La seconde contradiction est de nature corporative. D'anciens comptes rendus médiatiques faisaient état d'un titre aussi ambitieux que "Directeur Afrique", tandis que les documents actuels de QNET/The V mettent en avant un rang de distributeur tel qu'Associate V Partner. Ces deux qualifications ne sont pas interchangeables. Un rang de distributeur désigne une position dans une hiérarchie de vente ; un titre de direction exécutive implique une autorité juridique et une responsabilité institutionnelle. Si une même personne est décrite une année comme directeur pour l'Afrique et une autre comme distributeur de haut rang, la différence n'est pas rhétorique : elle détermine quels documents devraient exister, quelle entité employait qui, et où un régulateur devrait chercher en cas d'enquête sur la chaîne de responsabilités.
Ces écarts entre titres publics et réalités documentées constituent précisément le noeud de l'enquête à conduire. Le texte intégral de la décision du Trésor ivoirien du 8 juillet 2020 reste à examiner en détail : quelles entités sont nommément visées, quelles lignes de produits sont concernées, quels mécanismes d'application sont envisagés ? De même, les listes de candidats de la CEI pour la circonscription de Daloa en 2025, ainsi que les archives des résultats de 2021, devraient être consultées ligne par ligne pour établir si Amaral a été formellement élu comme titulaire ou s'il conserve un statut de suppléant.
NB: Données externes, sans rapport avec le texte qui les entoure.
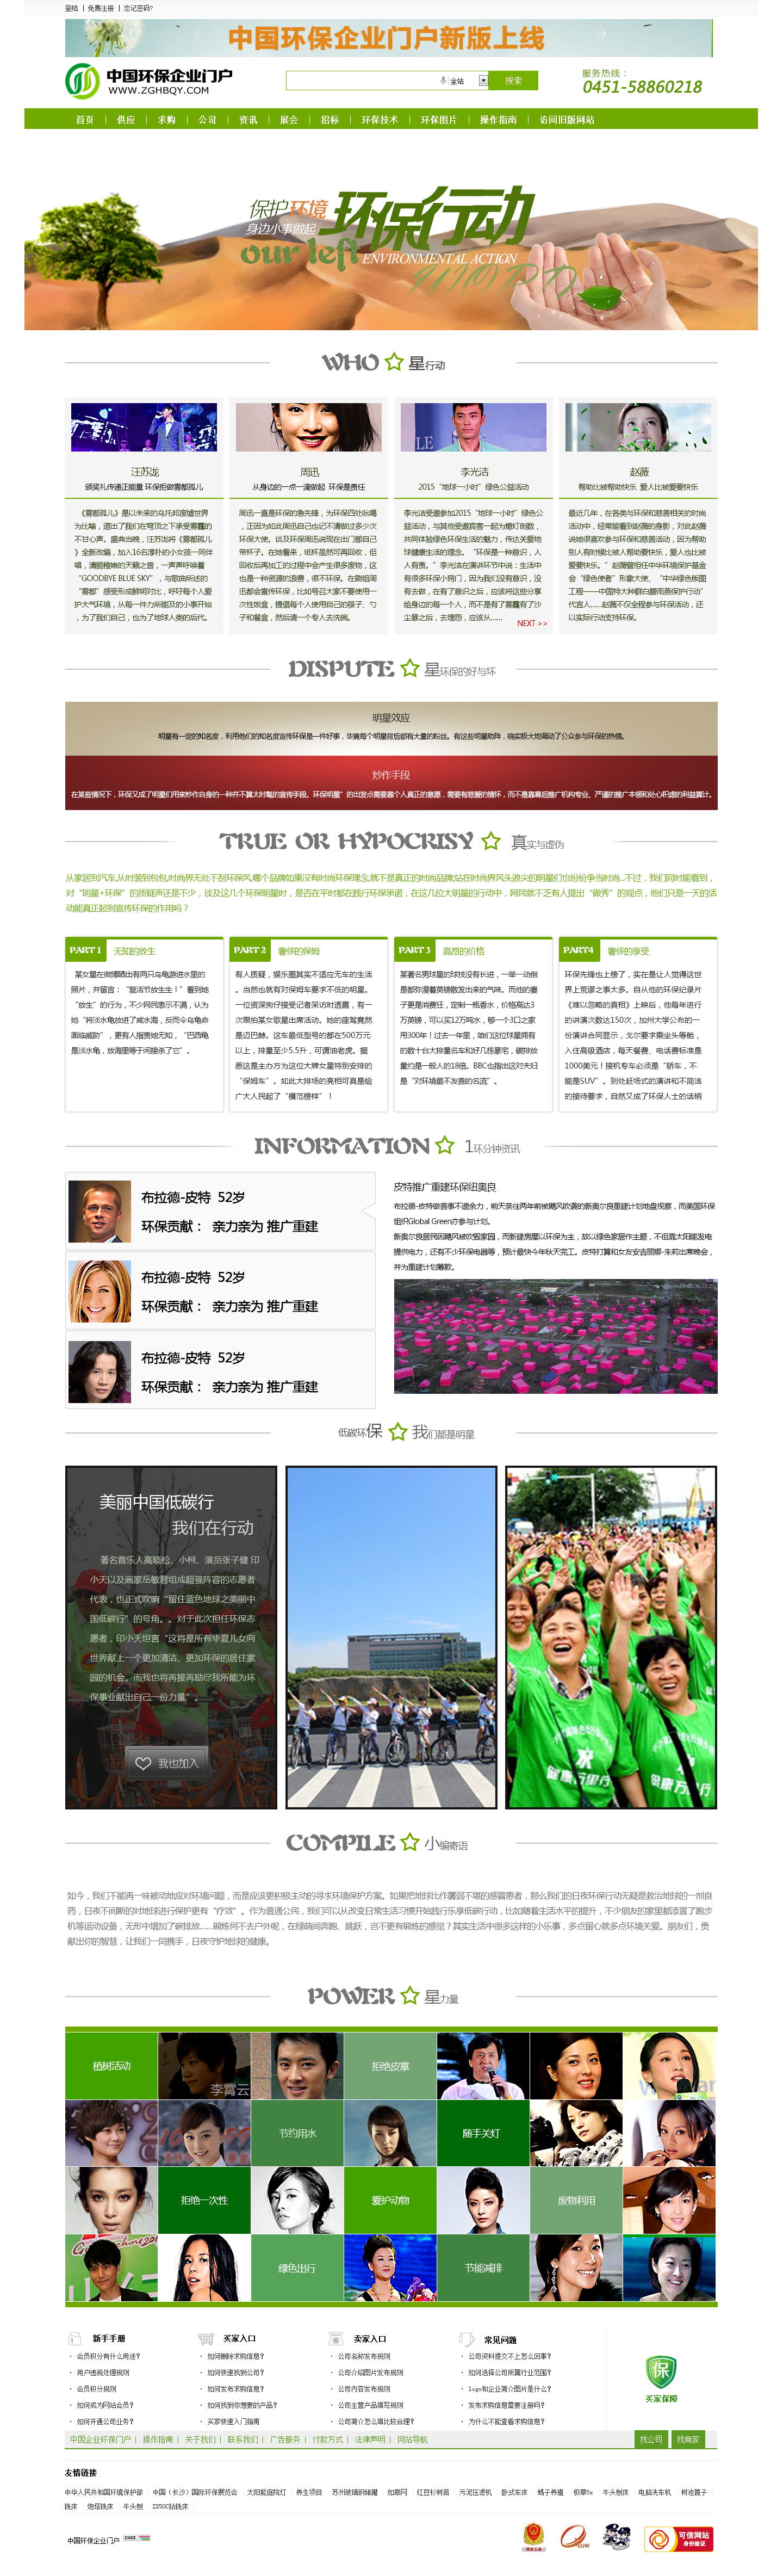 绿色的环保企业专题页面模板下载

Les registres commerciaux ivoiriens pourraient révéler si une entité légalement enregistrée portait un jour son nom en qualité de dirigeant, ce qui serait distinct d'un simple insigne de distributeur.
Pour un investisseur ou un analyste suivant les dynamiques de capital dans la zone de l'océan Indien et ses extensions africaines, la question de fond est la suivante : dans quelles conditions les réseaux de vente directe, souvent adossés à des structures régionales basées dans des juridictions favorables, continuent-ils d'opérer localement après des interdictions officielles ? Les dossiers d'application des décisions, les actes judiciaires et les documents des registres des sociétés sont les seuls outils permettant de répondre, ou d'écarter, l'hypothèse selon laquelle des recrutements sous bannière QNET auraient persisté via des filiales, des intermédiaires ou des programmes rebaptisés pendant les périodes de suspension officielle.
Les questions de responsabilité restent précises et ouvertes. Aucune action coercitive documentée ne vise Fofana Amaral personnellement dans les éléments présentés ici ; son exposition semble strictement réputationnelle, en tant que distributeur public de premier rang. Si QNET/The V le présente comme un initiateur du marché ivoirien depuis 2009, la prochaine étape logique consiste à déterminer quel dossier documentaire, contrats, entités enregistrées ou dépôts de conformité, permet d'expliquer comment ce marché a été construit et encadré, notamment au moment où les États voisins passaient des avertissements aux interdictions formelles. Ce sont ces documents qui diront si les titres ont suivi les actes, ou seulement précédé les questions.